Stemming from a Support Case I had on netflow data collected from a cisco ASR 1001-x, it was noted that NTA treats packets sourced from SNMP Index=0 as 'invalid'. In Cisco's case at least, (and i'd imagine other devices as well), they source router 'self'-generated packets (not ones sourced from an interface with the Router's IP, but ones created by the router and send out as parts of other connections) as sourced from interface index=0, as the packets don't have any other valid 'source' (ingress) interface, just an egress (destination) interface. In our case, since we're capturing Egress netflow. In our case the majority of the packets I was seeing with Source index=0 were RST packets generated by the firewall, when it idle-closed a TCP session. The firewall components notify either end of the TCP session with a RST. Not only can this help prevent an application that expected the idle TCP session to still exist from hanging once it tries to use the connection again, but this also helps potential NAT devices along the path to see the TCP connection was closed and free resources from it. We had a very large amount of these idle aged-out TCP connections in a wireless environment where the clients are always 'disappearing' from the network before their applications close the TCP connections, and if they reconnect it's frequently in a new location with alternate IP addressing.

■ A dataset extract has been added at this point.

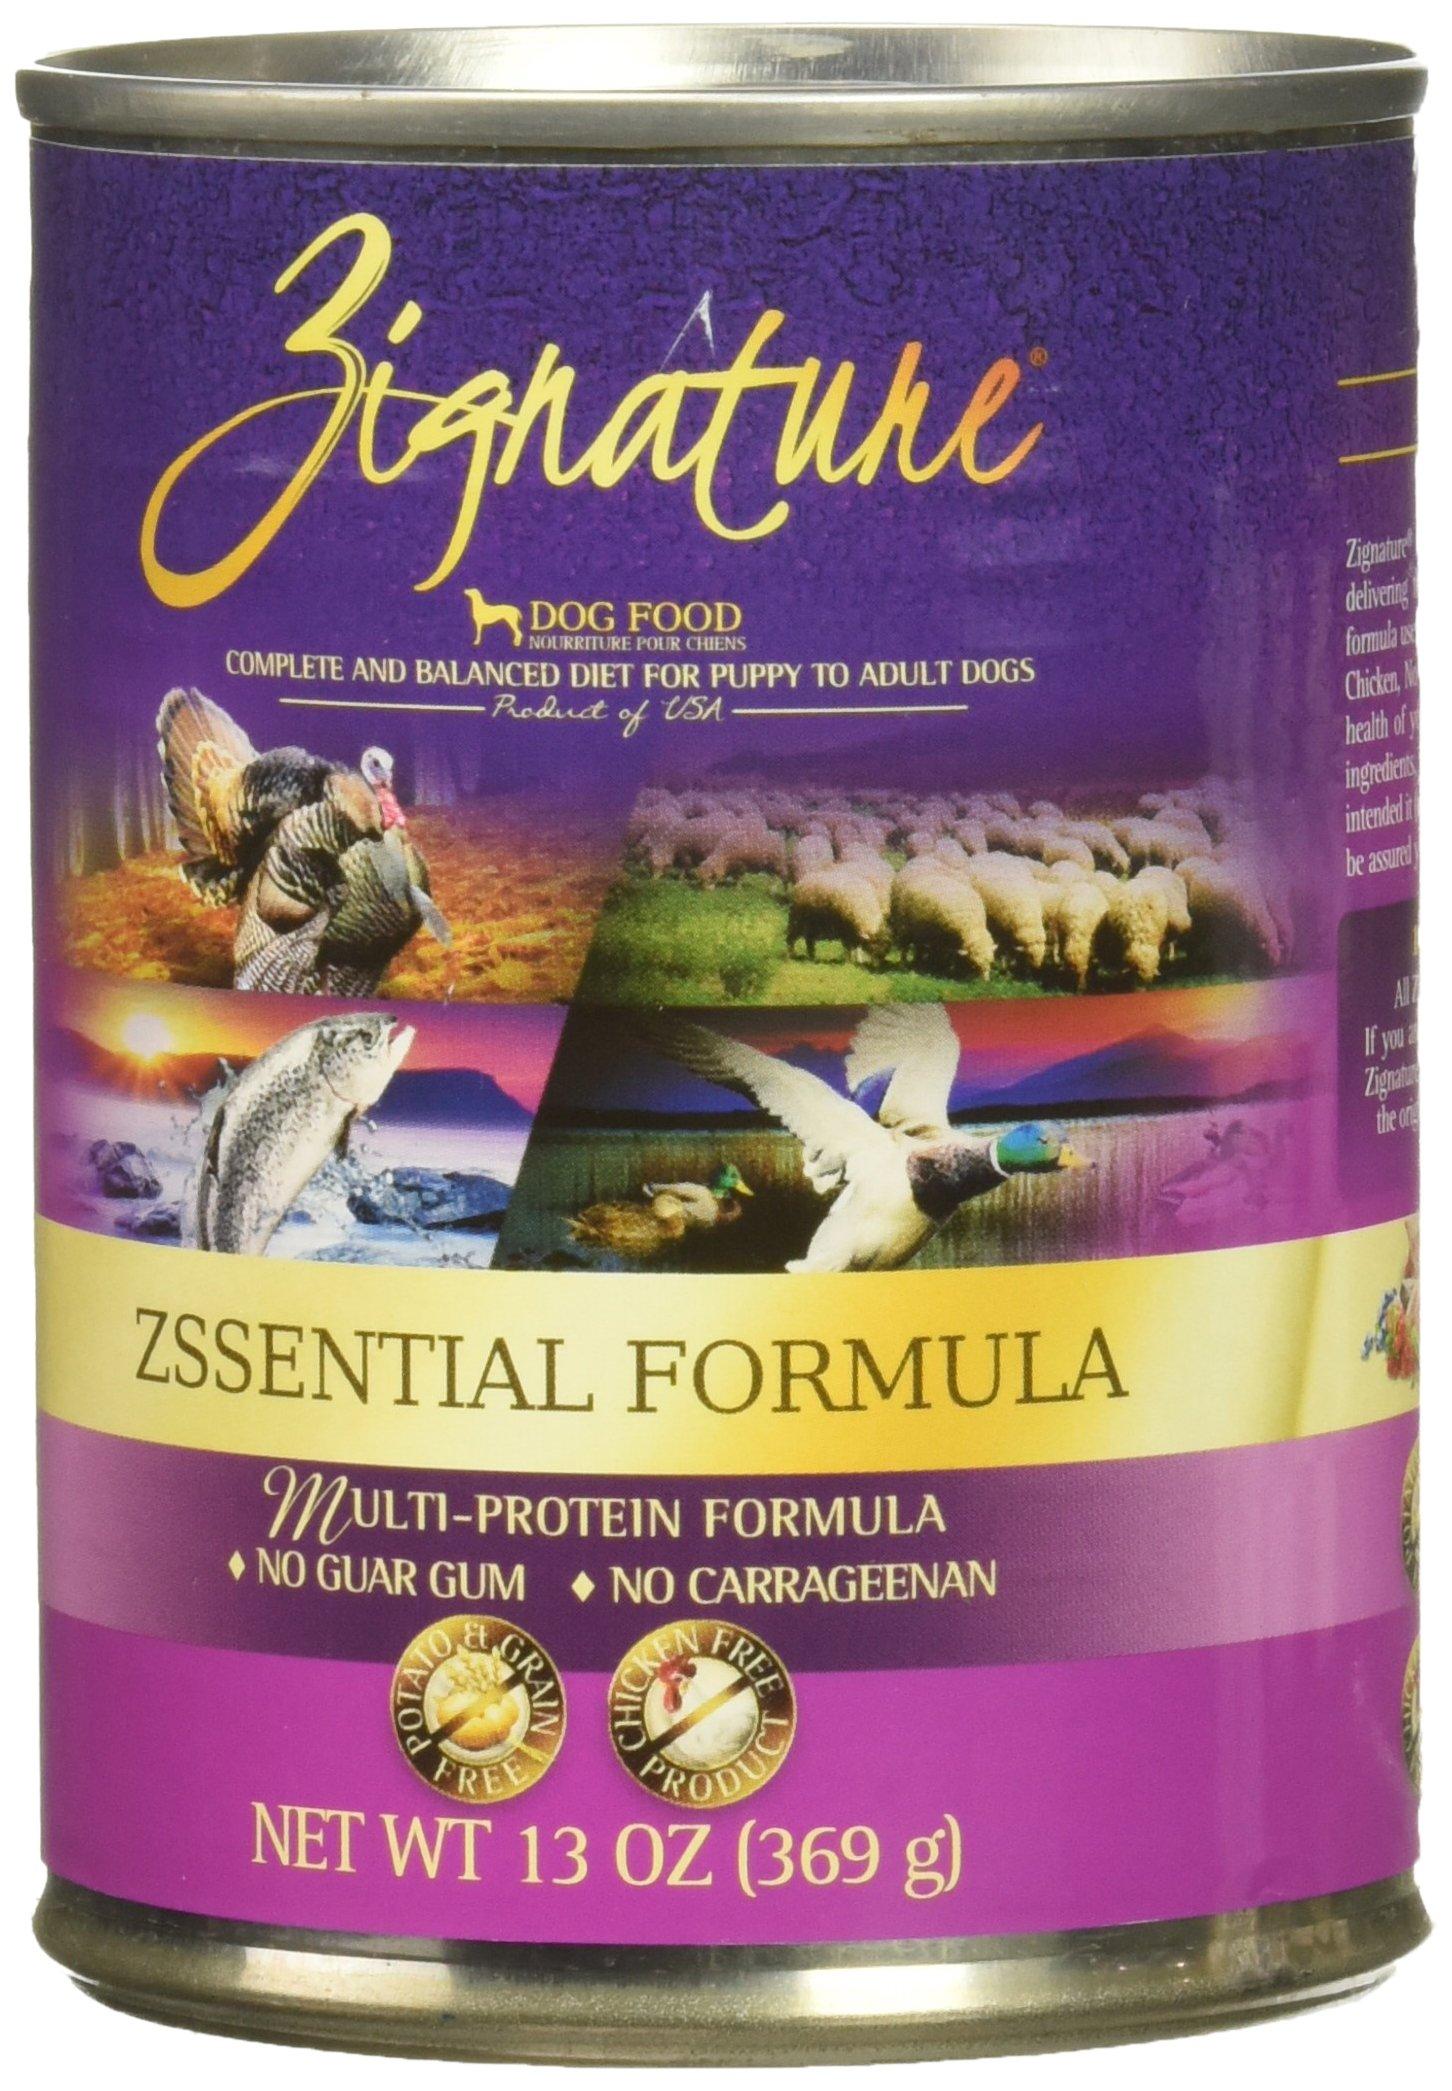 Zignature Grain Free Zsssentials Canned Dog Food 13oz,12 pack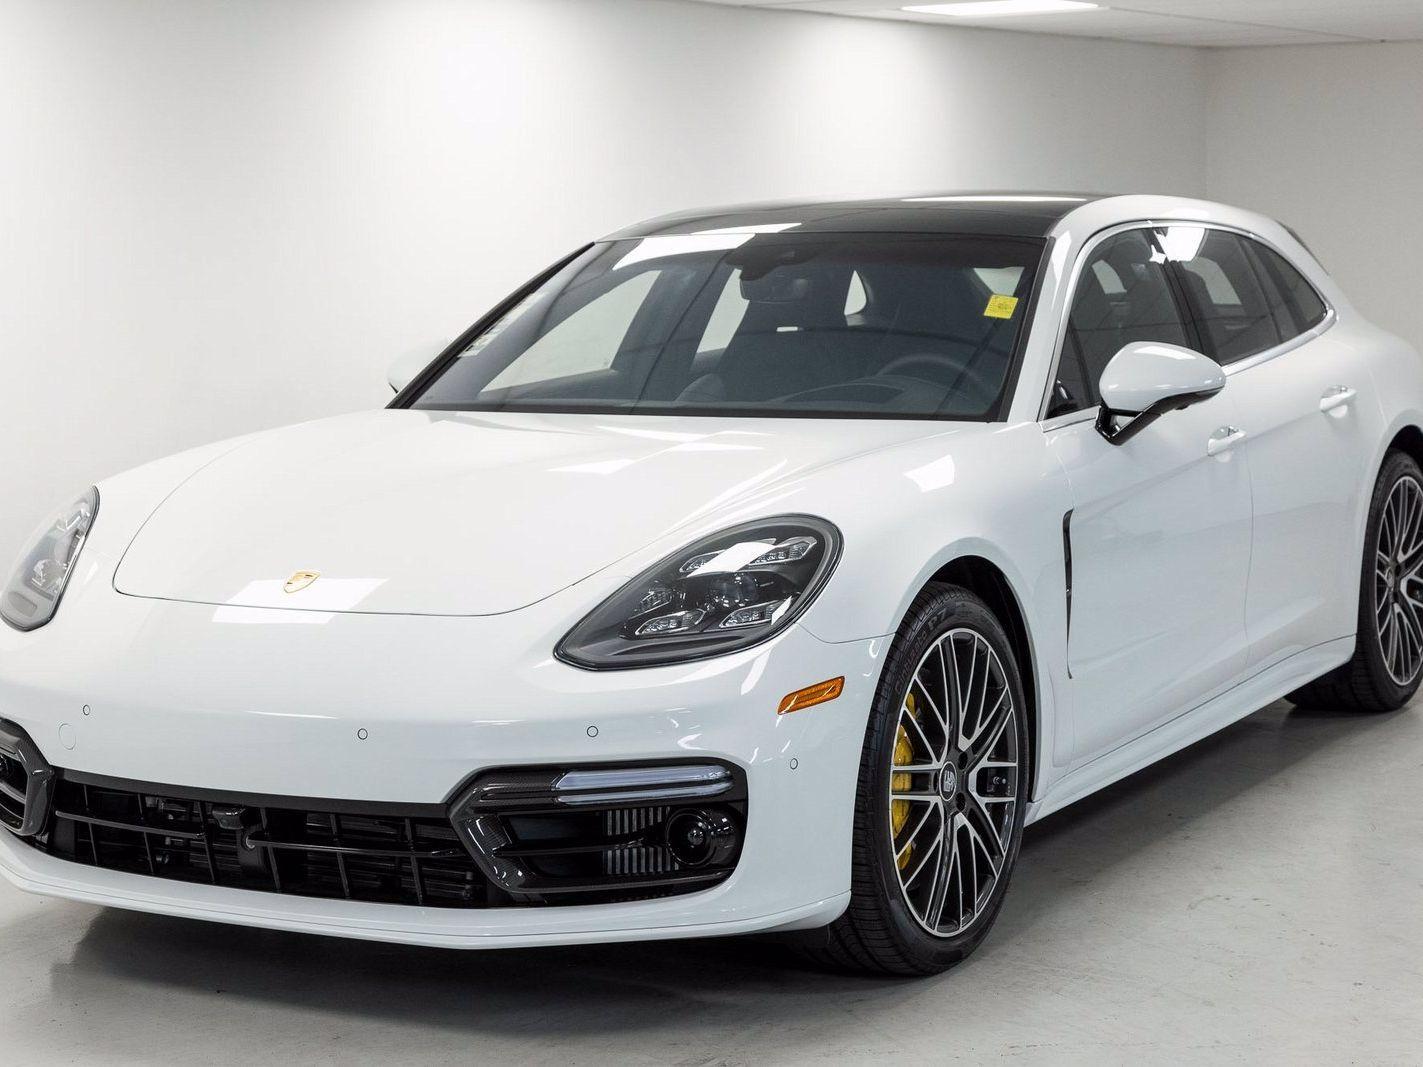 2021 Porsche Panamera Turbo S Sport Turismo – 2

As it is now, NTA drops/ignores these RST packets (and any other packets with interface index=0). It might even throw an alert about receiving bad netflow data from the device.
I was thinking it might make more sense to capture the RST packets even if it’s probably statistically insignificant in the overall netflow traffic analysis, because it seems like something that could be helpful if identified/surfaced as a ‘firewall idle session termination count’ or something? While it's possible that it could become a significant source of data, I could also see how it might be important if a network admin saw a spike in those session closures or some sort of tracking of the rate of RST packets injected by the router were kept? Especially charting a large number of session closures suddenly could be indicative of a DoS attack of some sort blocked by the firewall configured to cleanly close connections -- By default Cisco Firewall generates RST packets not only for closed idle-timeout TCP sessions, but also incomplete (sessions which don't complete the 3-way handshake) and other reasons it has to close a TCP session. It could even be linked to a session as an identifier that a flow was terminated by firewall/router-generated-packet as opposed to one of the ends. I think it would make troubleshooting long-running session termination issues easier if solarwinds had such a function. (For example if the firewall were closing idle TCP sessions after 30 minutes, but an application expected an hour between keepalives or potential traffic. I know some voice applications via TCP and Exchange/Outlook connections have been notorious for these issues in the past.
The Feature Request Case ID for this topic is 1206897.